- [THE DATA]
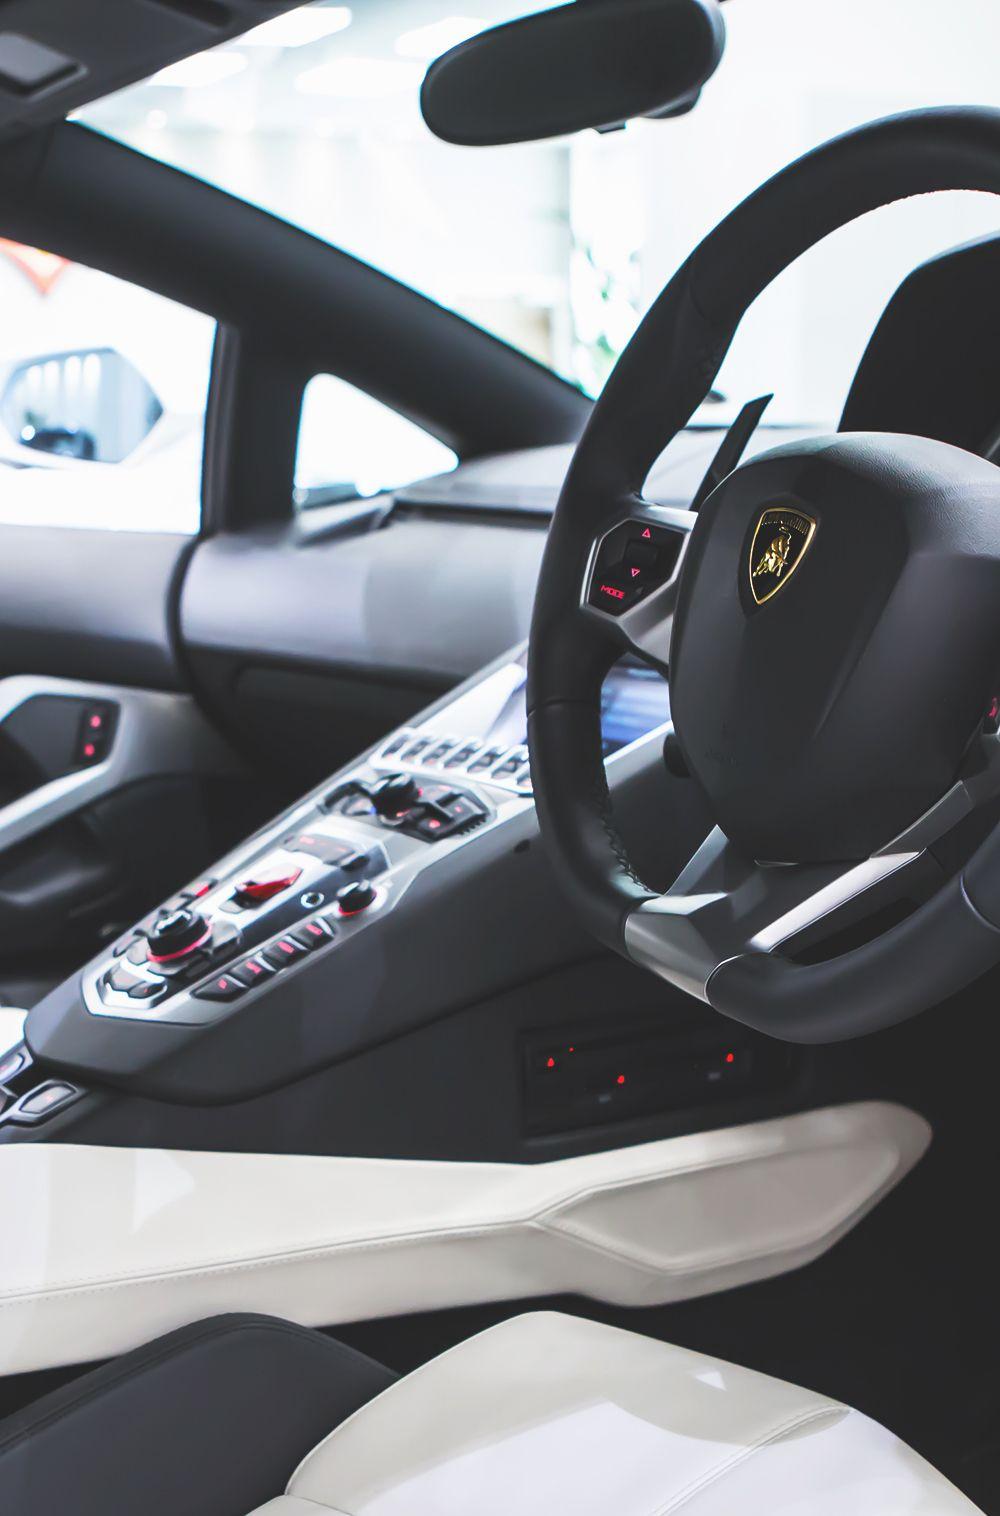 Cars, Luxury car interior, Sports cars
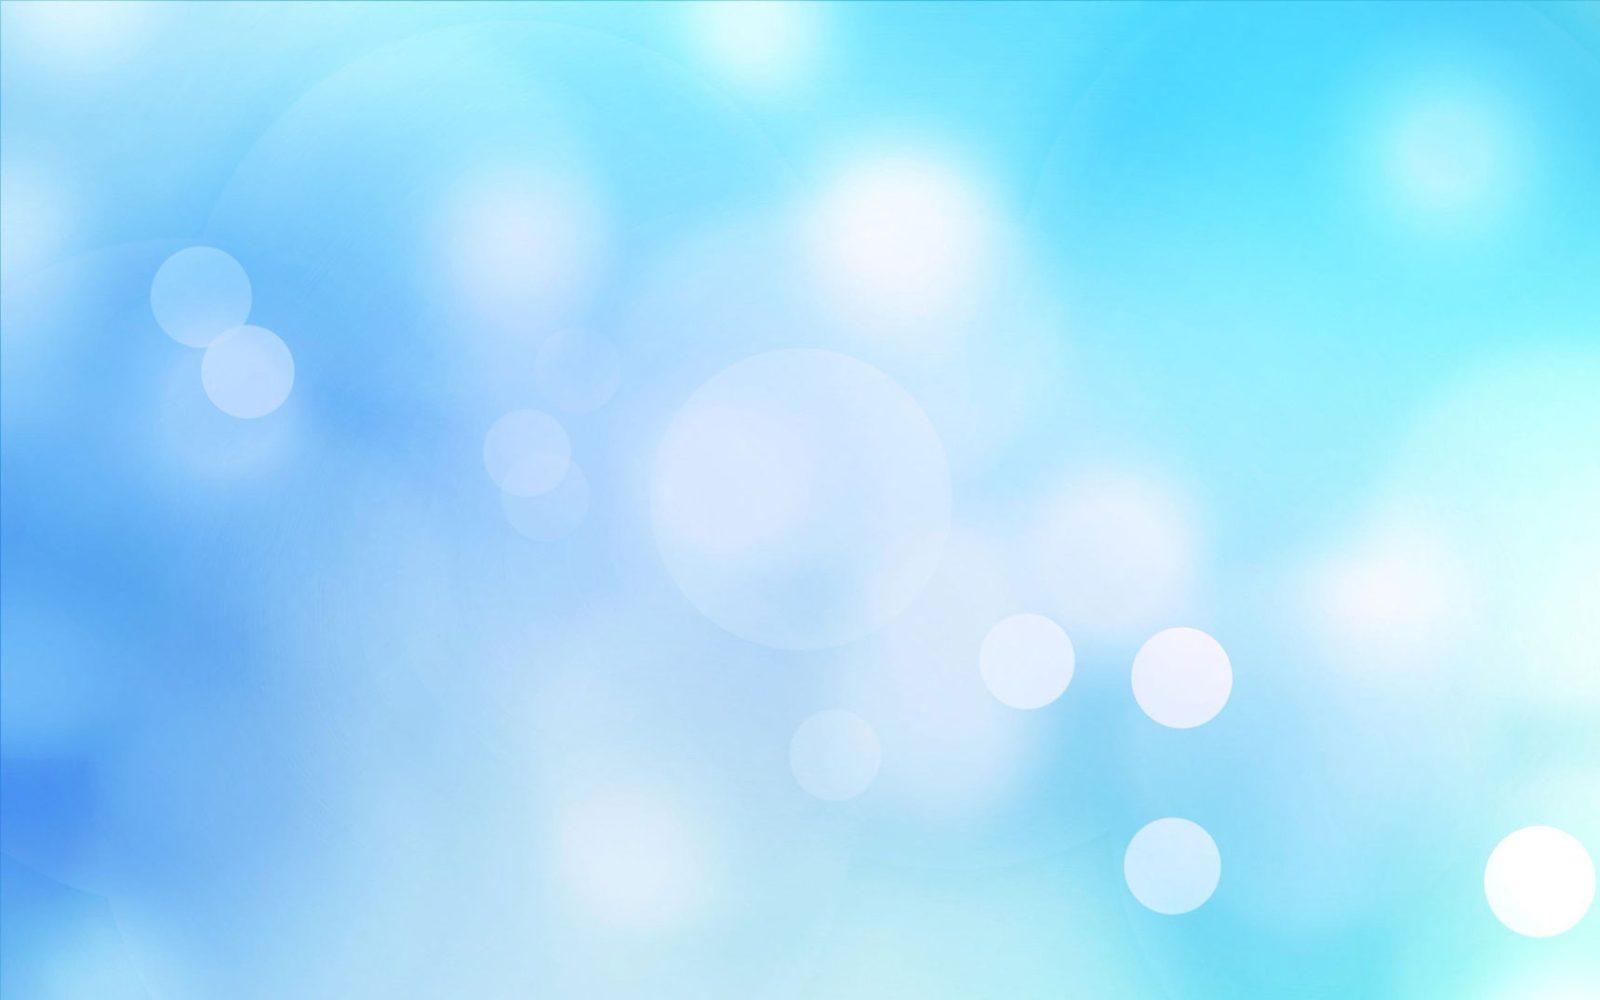 irconsole-background-2
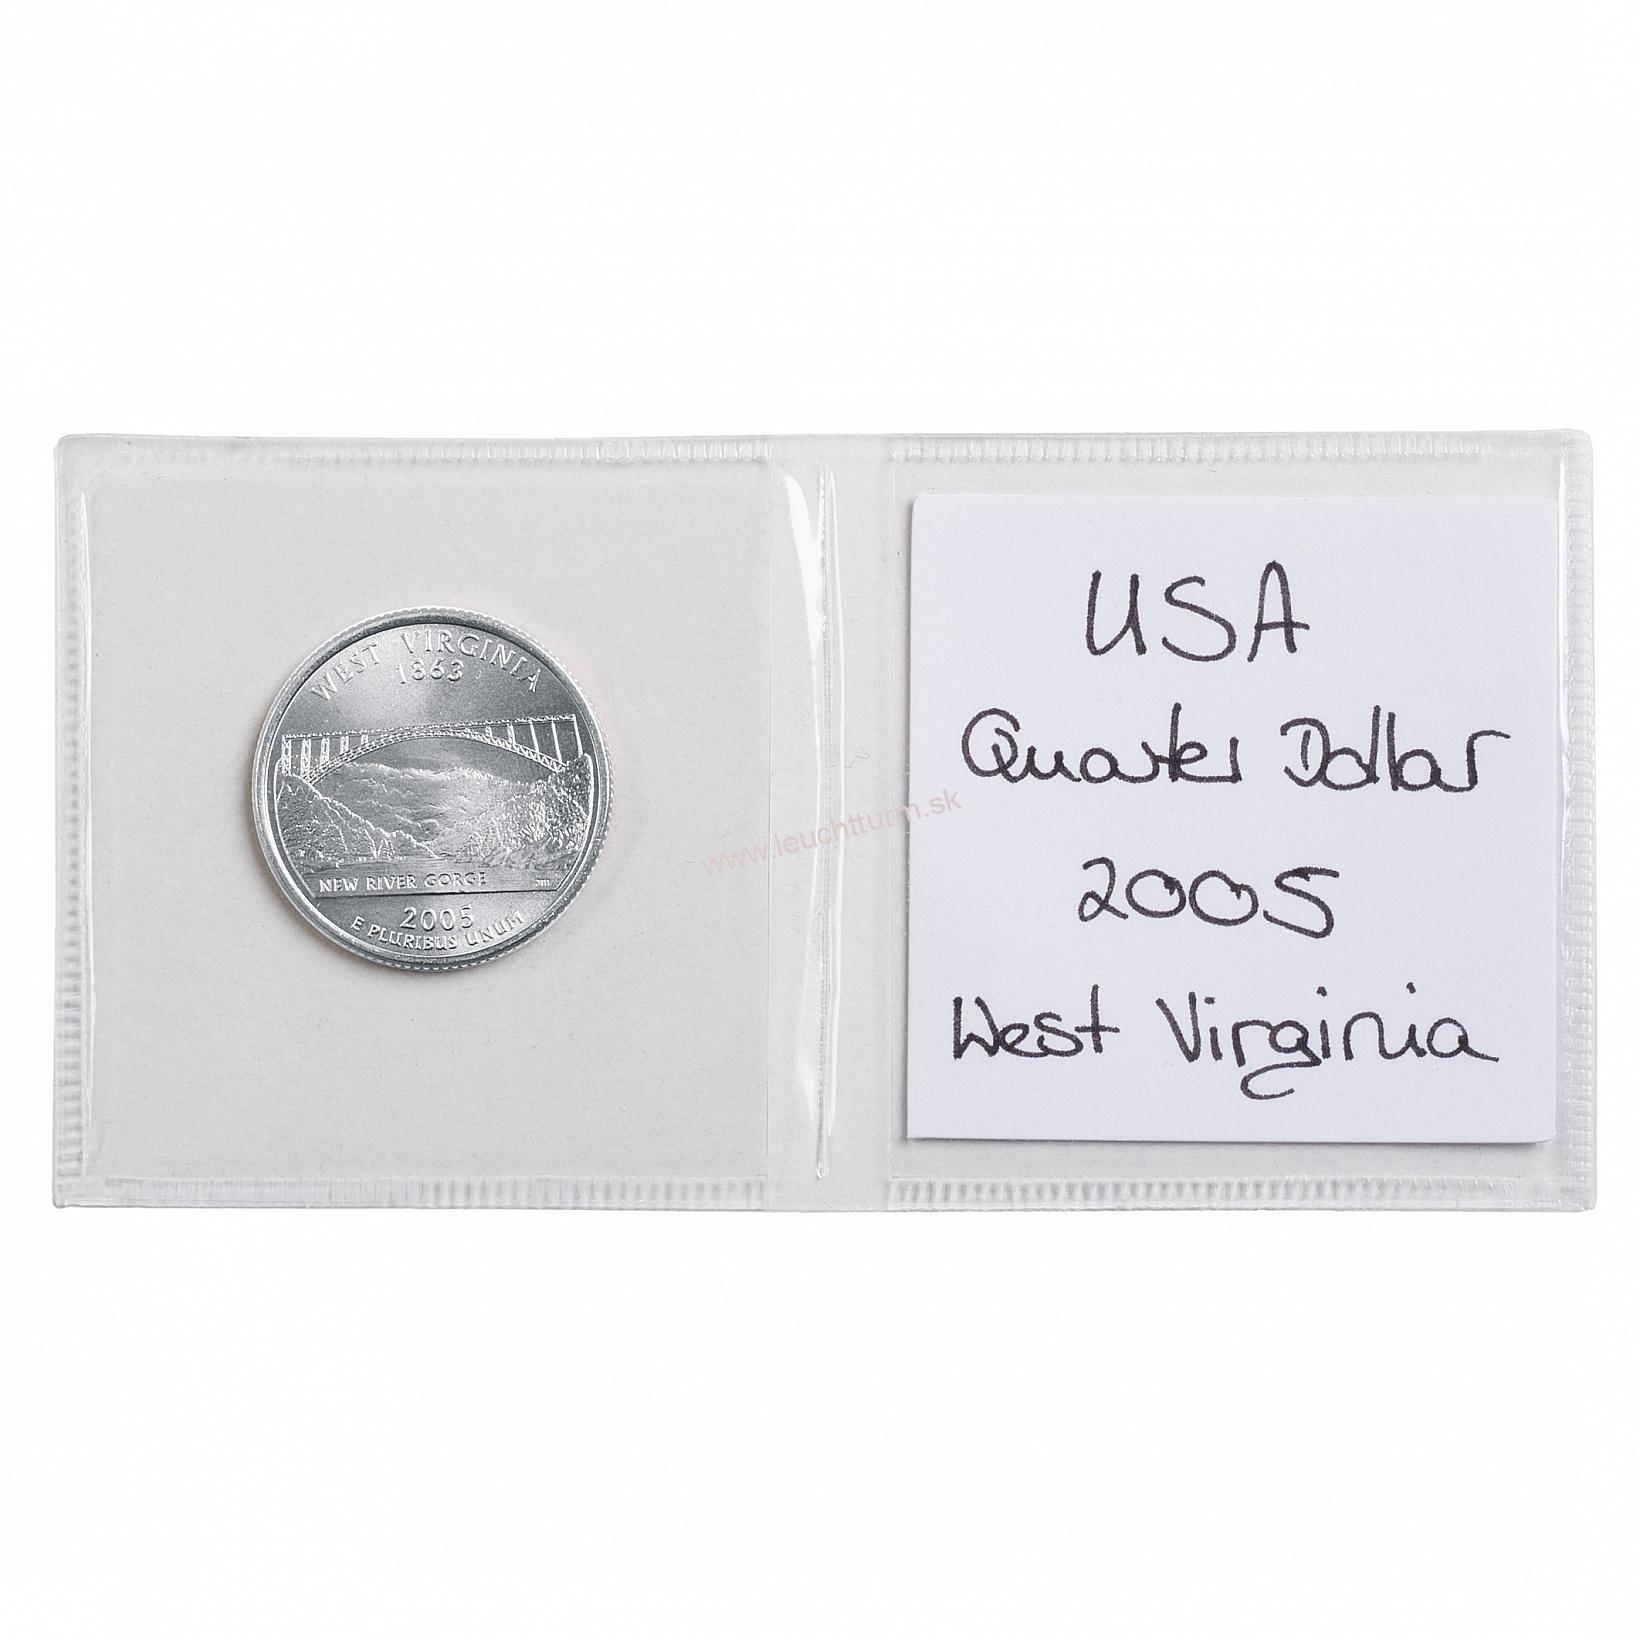 PVC puzdro na mincu c2474e22e85

- [YOUR INSTRUCTIONS] All of the material shown above needs to be duplicated exactly. Omit every picture.

- [EXPECTED ANSWER]
 Cars, Luxury car interior, Sports cars
 irconsole-background-2
 PVC puzdro na mincu c2474e22e85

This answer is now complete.